Walker Art Museum, from the Irene Hixon Whitney Bridge over the Hennepin/Lyndale bottleneck

Walker Art Museum, from the Irene Hixon Whitney Bridge over the Hennepin/Lyndale bottleneck

The Hennepin/Lyndale Bottleneck: Not great by any measure. The City of Minneapolis is working on a plan to, basically, repave it. Many well-written thoughts about that project and whether or not it’s a good idea and what we’d do if we had exponentially more funding for it can be found here. But as with many large public works projects of questionable value, there are some helpful little things we can do on the side that cost considerably less than millions of dollars but still go a long way towards improving the experience of being alive in the area when not driving a car.

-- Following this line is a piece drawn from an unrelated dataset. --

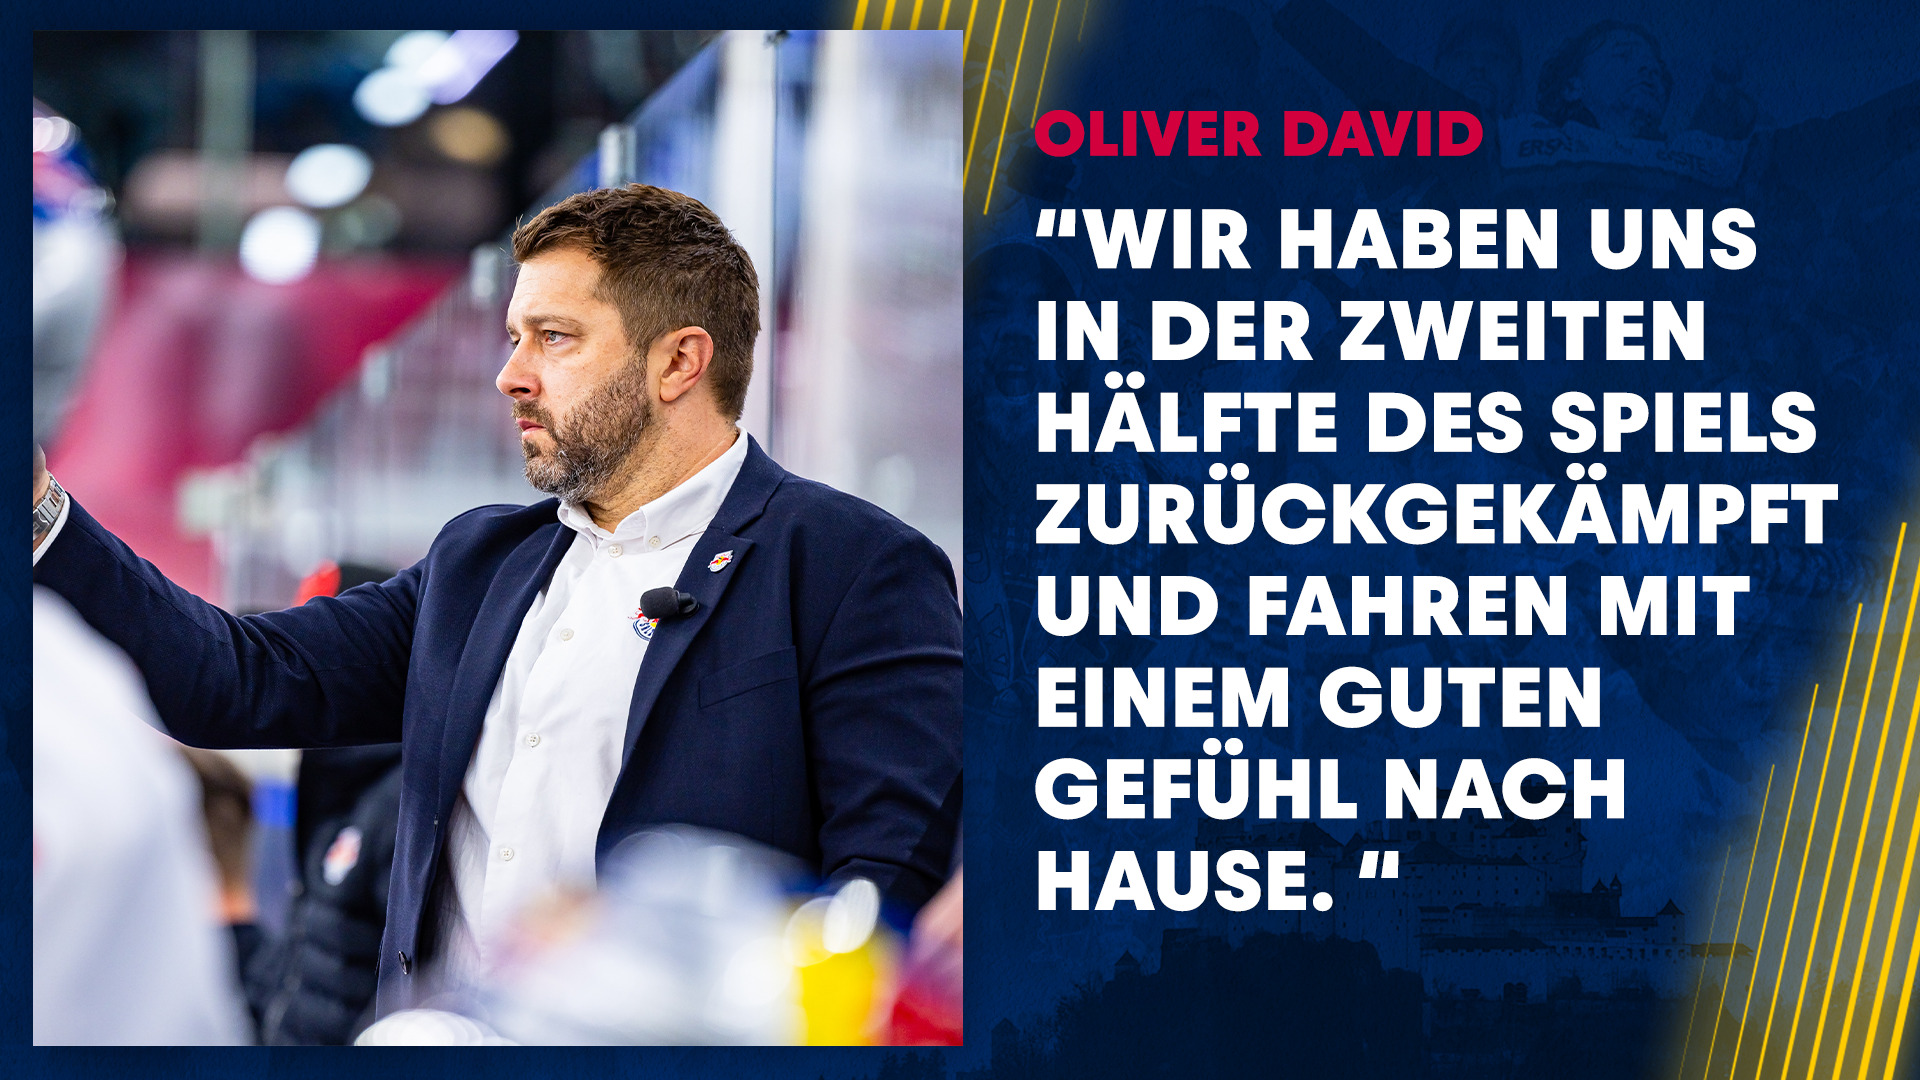 Statement: Oliver David

One of those things would be to considerably alter the streetscape along the eastern side of the Walker Art Center. The Walker is the most prominent of the several institutional uses along the bottleneck, and it makes up about a fourth of its total street frontage.

The Walker Art Center's street frontage in red

The Walker Art Center’s street frontage in red

The phrase “considerably alter” maybe implies that it would be expensive, but it’d certainly be some fraction of the cost of even the most minimal bottleneck repaving, currently budgeted at about $9.1 million dollars, and a much smaller fraction of the Walker’s $152 million dollar endowment.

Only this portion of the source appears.